I haven't looked at reproducer #1, but is it a fuzzer-specific variant of LP:1602247 (trying to read the "for this CPU" registers from something other than a CPU doesn't work) ?
On 200730 1531, Philippe Mathieu-Daudé wrote:
> Why put all these bugs in the same ticket?

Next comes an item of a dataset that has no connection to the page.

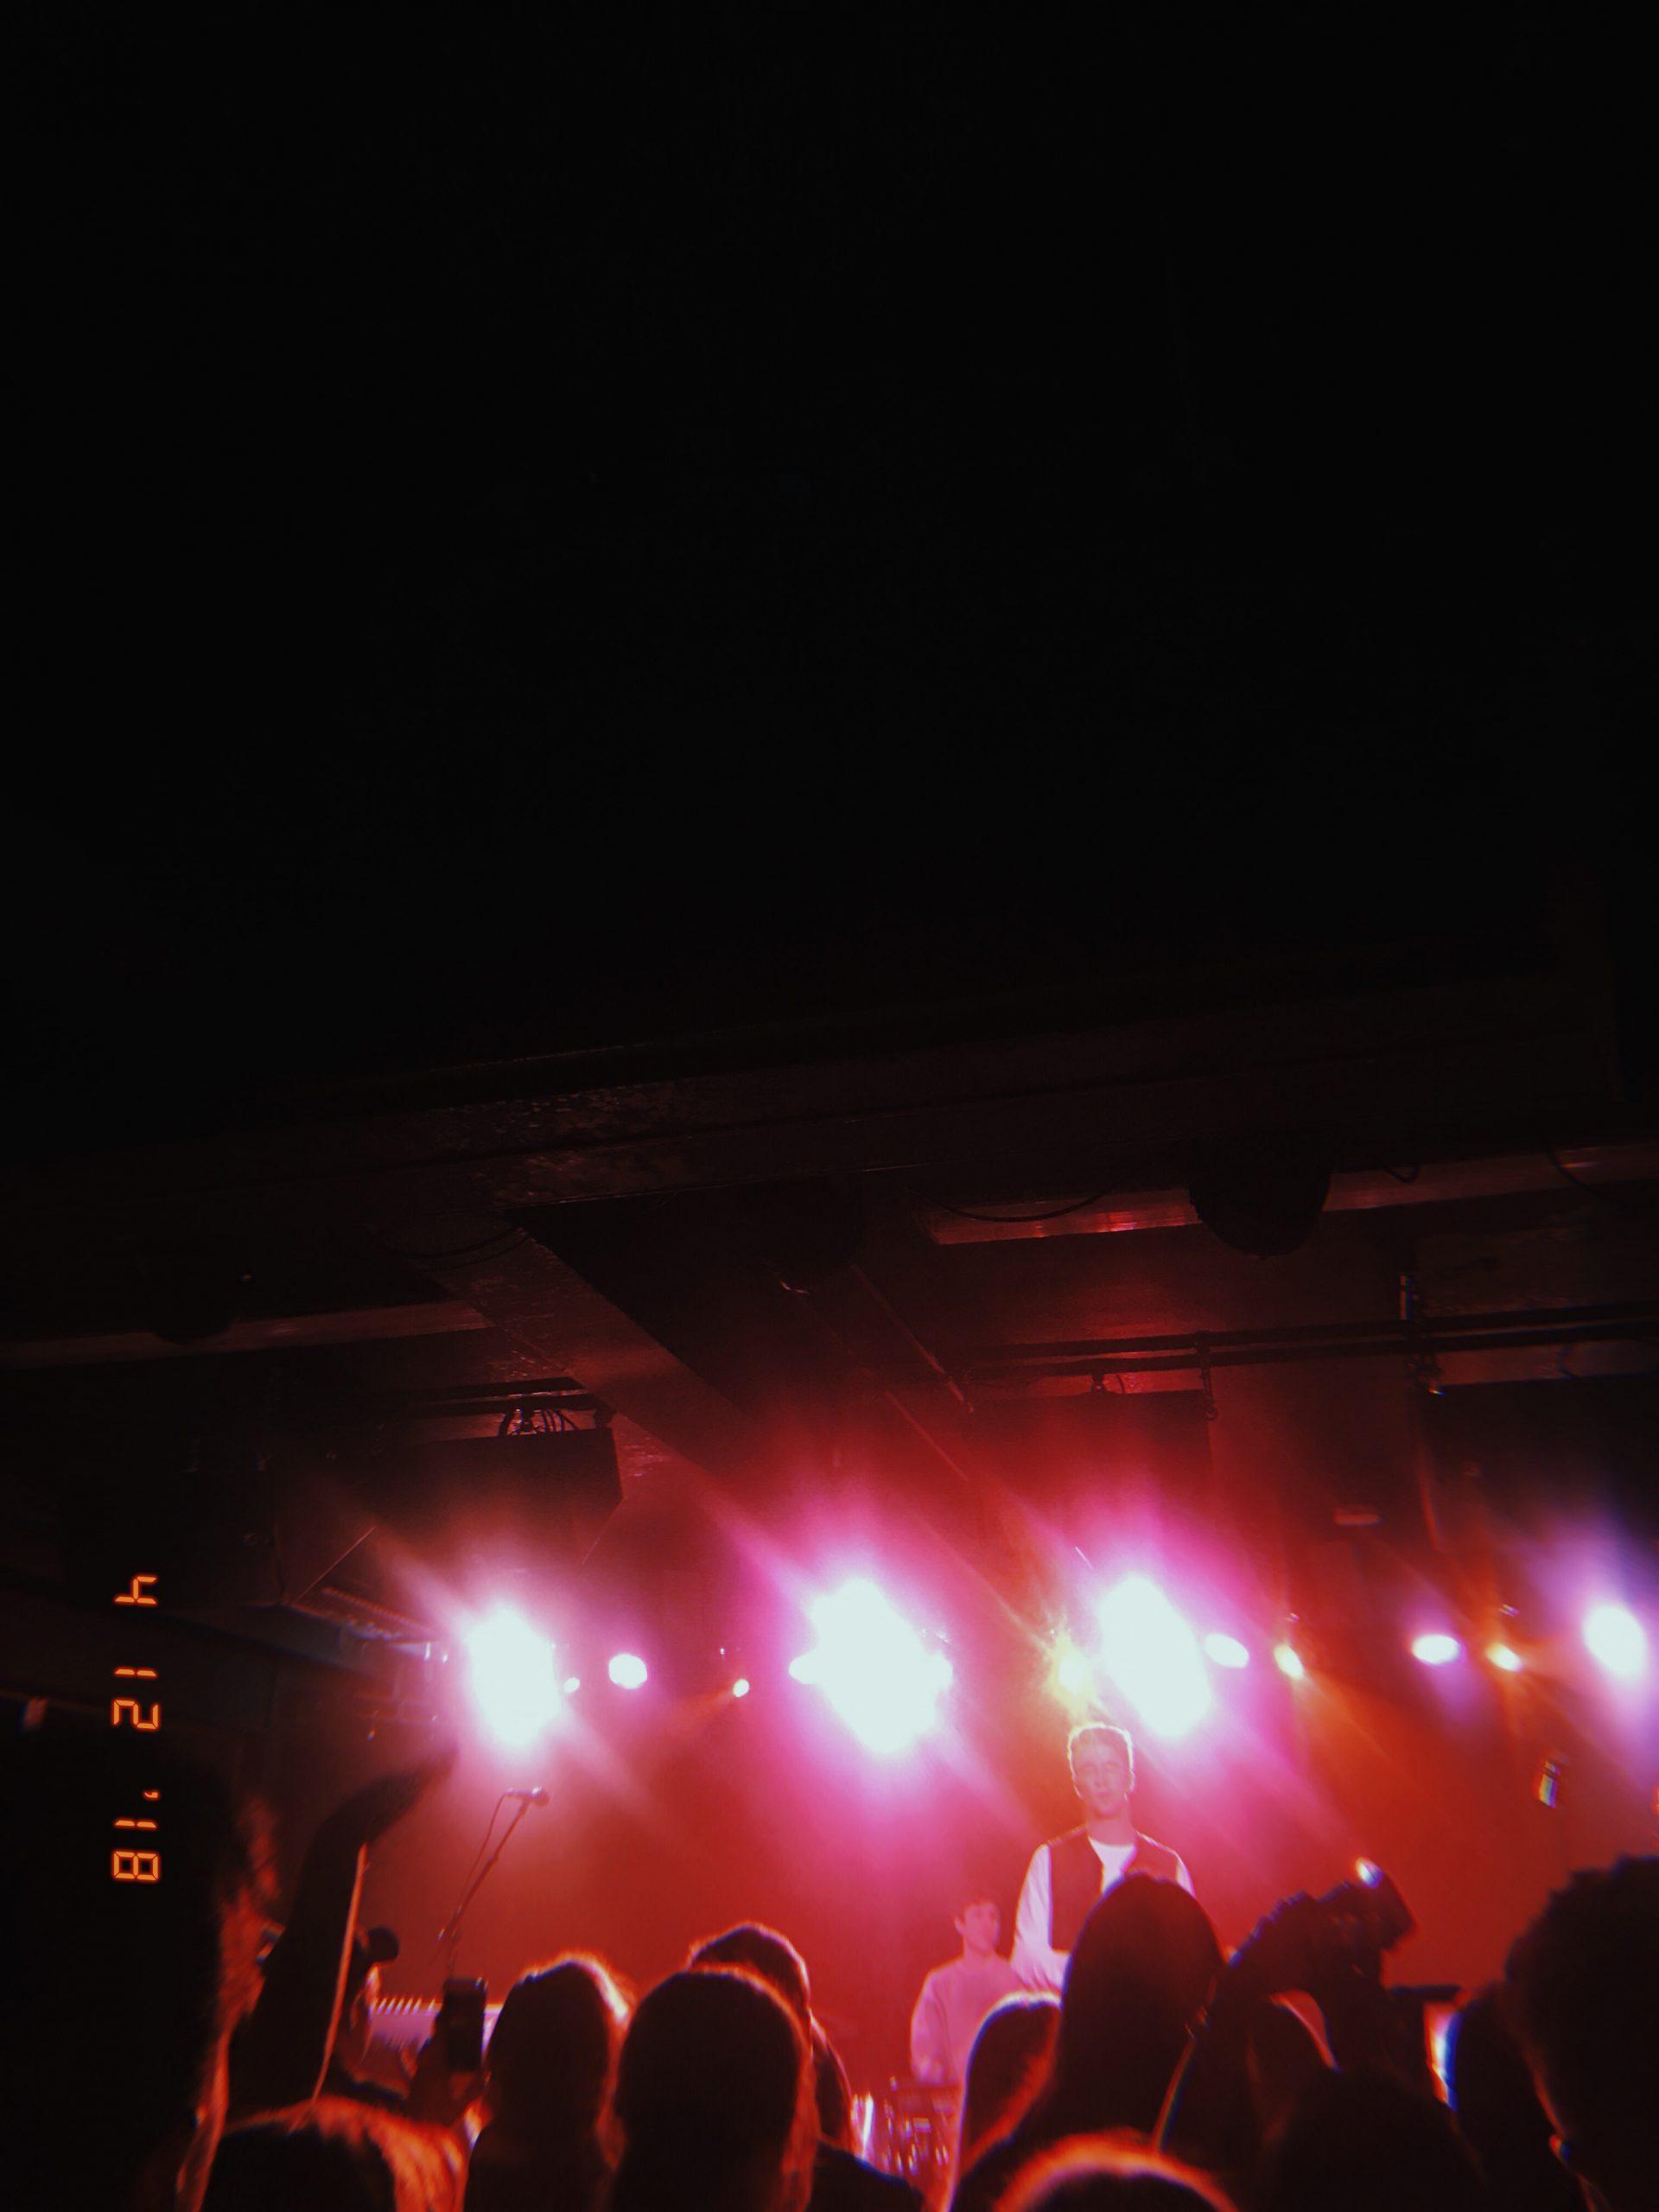 sg lewis concert gig manchester london concert times aura dusk dawn warm
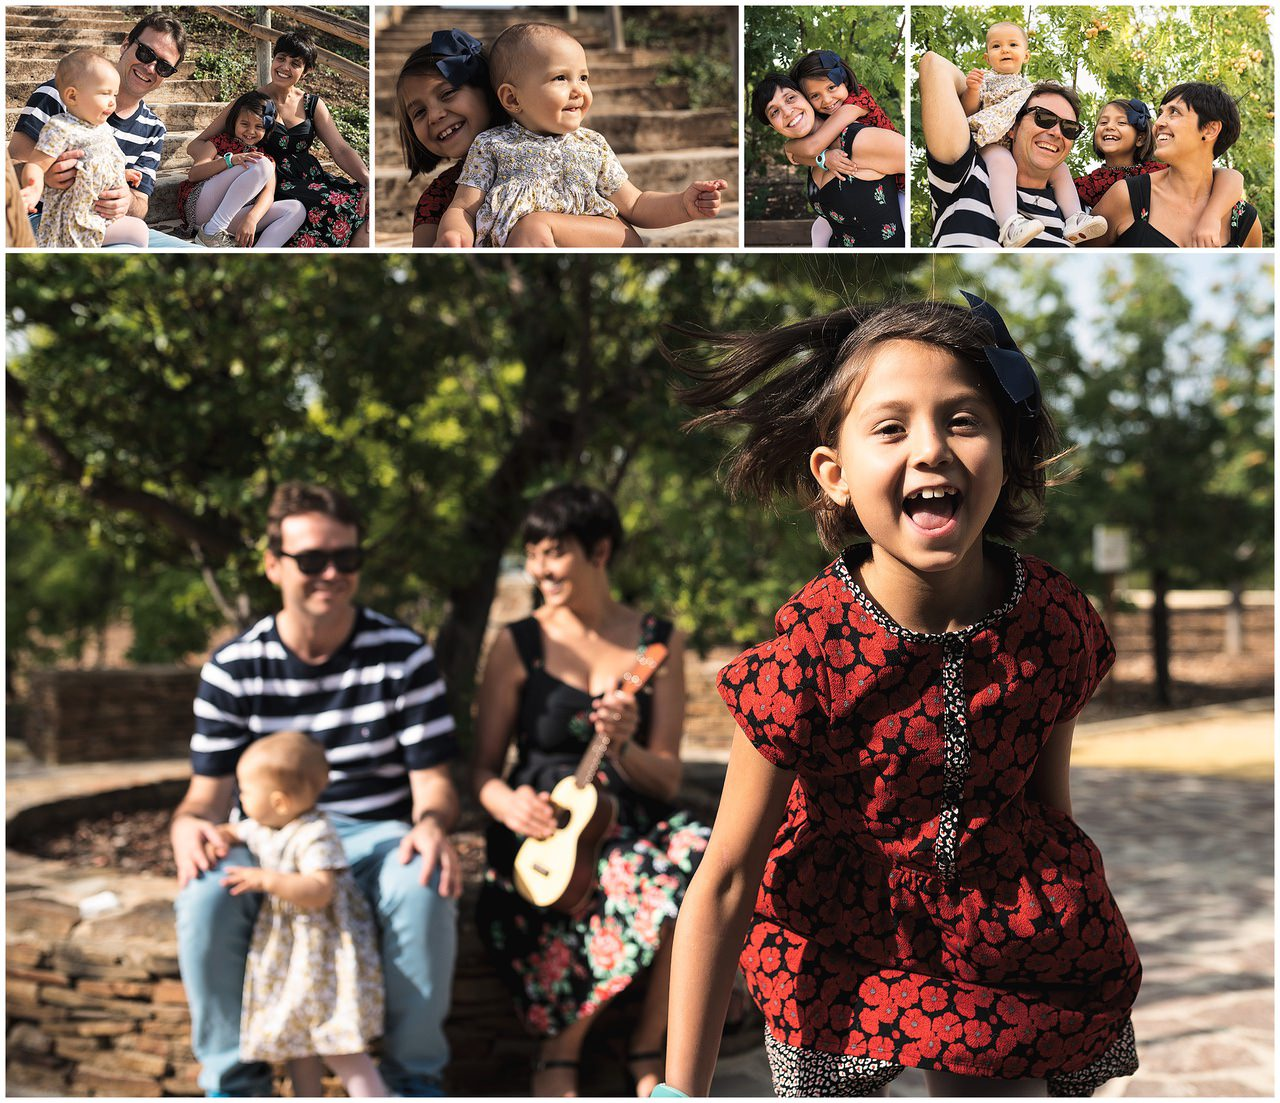 fotografo de bodas en alcoy, fotos familia onil5

Thought they might have a similar root cause, though that is evidently
wrong..
> For reproducer #2:
>
> writeq 0xfff11f00 0x613a650f0fda6555 does:
>
> gic_dist_write dist write at 0x00000f00 size 4: 0x0fda6555
>
> 0x0fda6555 => IRQ 341, mask type 3 illegal -> DPRINTF("Bad Soft Int
> target filter\n");
>
> mask = ALL_CPU_MASK = 0xff
>
> Having:
>
> #define GIC_NR_SGIS 16
> uint8_t sgi_pending[GIC_NR_SGIS][GIC_NCPU];
>
> s->sgi_pending[irq][target_cpu] |= (1 << cpu);
> ^^^
> \ OOB access.
>
> ** Changed in: qemu
> Status: New => Confirmed
>
> ** Tags added: arm
>
> --
> You received this bug notification because you are subscribed to the bug
> report.
> https://bugs.launchpad.net/bugs/1889621
>
> Title:
> ARM Highbank Crashes Realted to GIC
>
> Status in QEMU:
> Confirmed
>
> Bug description:
> Hello,
> Here are some QTest reproducers for crashes on ARM Highbank that all seem to be related to the gic device.
>
> Reproducer 1:
> cat << EOF | ./arm-softmmu/qemu-system-arm -machine highbank \
> -nographic -monitor none -serial none -qtest stdio
> writel 0xfff11f00 0x8405f559
> writel 0xfff117fd 0x5c057bd8
> EOF
>
> ==10595==ERROR: AddressSanitizer: SEGV on unknown address 0x62b000013e01 (pc 0x55b6ab85cc91 bp 0x7fff60bd4d70 sp 0x7fff60bd4ce0 T0)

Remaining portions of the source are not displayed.